The whole listing is to be restated word for word with no images.

:: INPUT DATA ::
......

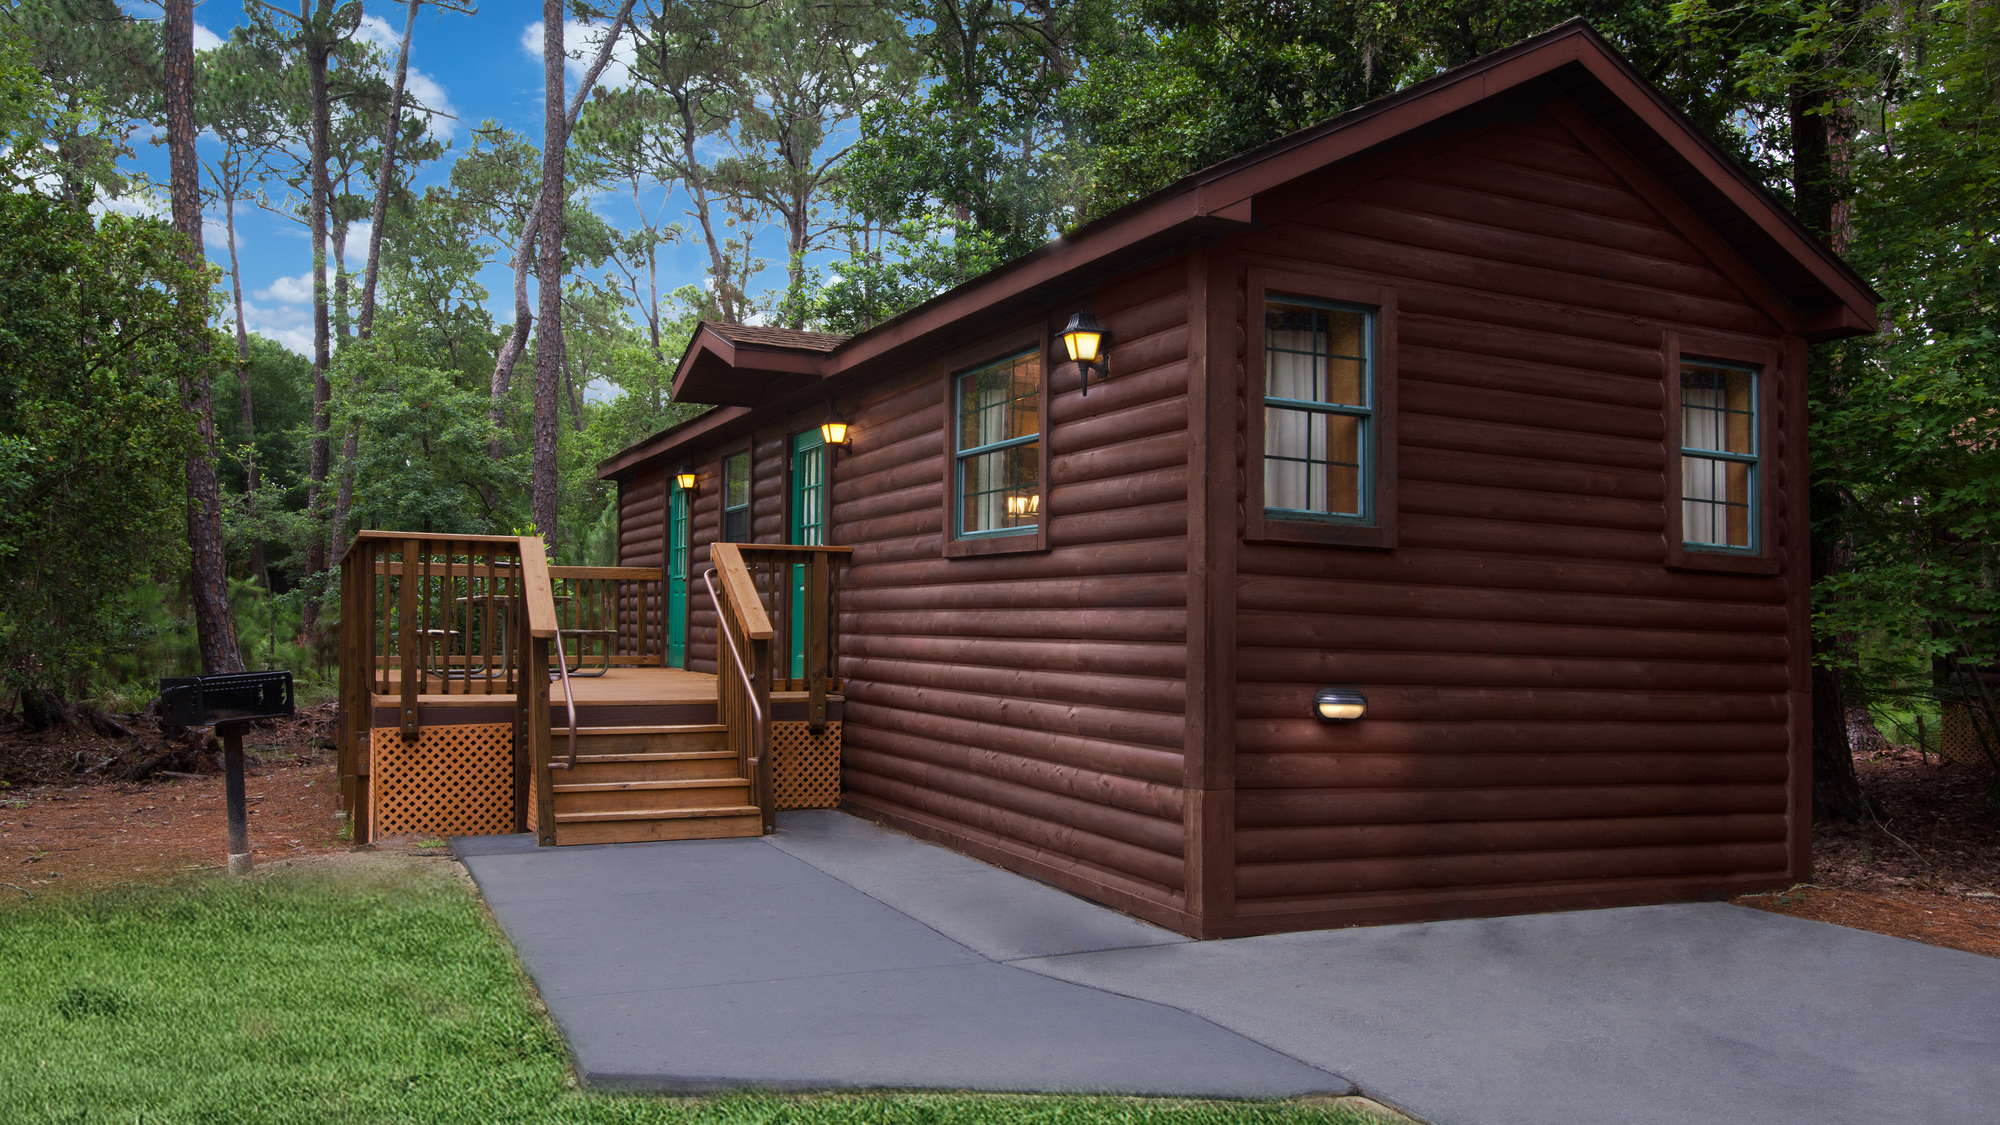 The Cabins At Disney S Fort Wilderness Resort Expert Review Fodor S Travel
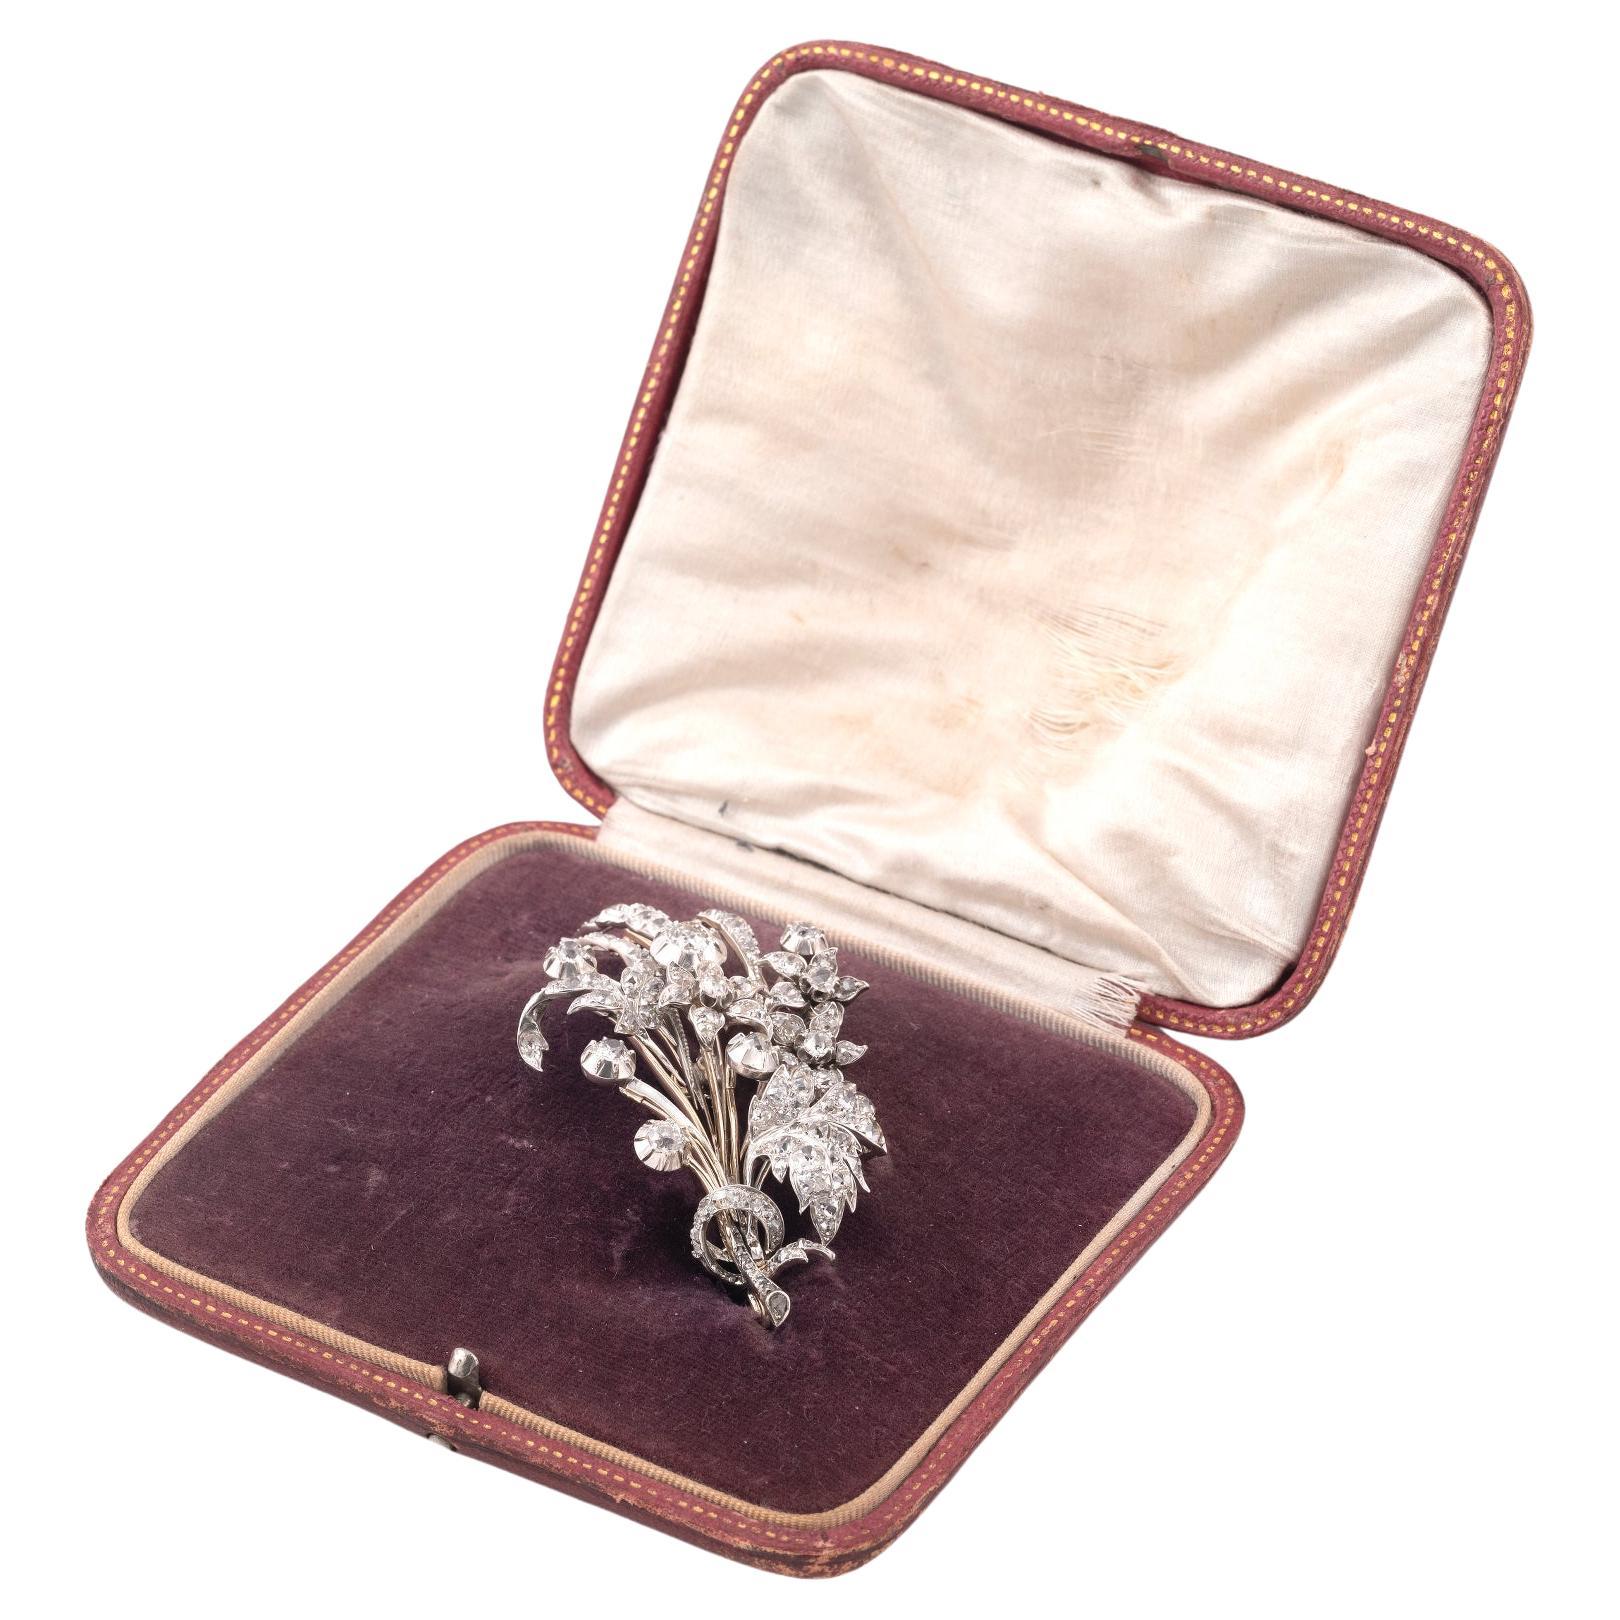 A Victorian diamond brooch, late 19th century, designed as a spray of flowers, set with circular- and rose-cut diamonds approximately 6,5ct, length 8cm.
With fitted case.

......

:: COMPLETED TASK ::
 The Cabins At Disney S Fort Wilderness Resort Expert Review Fodor S Travel
 A Victorian diamond brooch, late 19th century, designed as a spray of flowers, set with circular- and rose-cut diamonds approximately 6,5ct, length 8cm.
With fitted case.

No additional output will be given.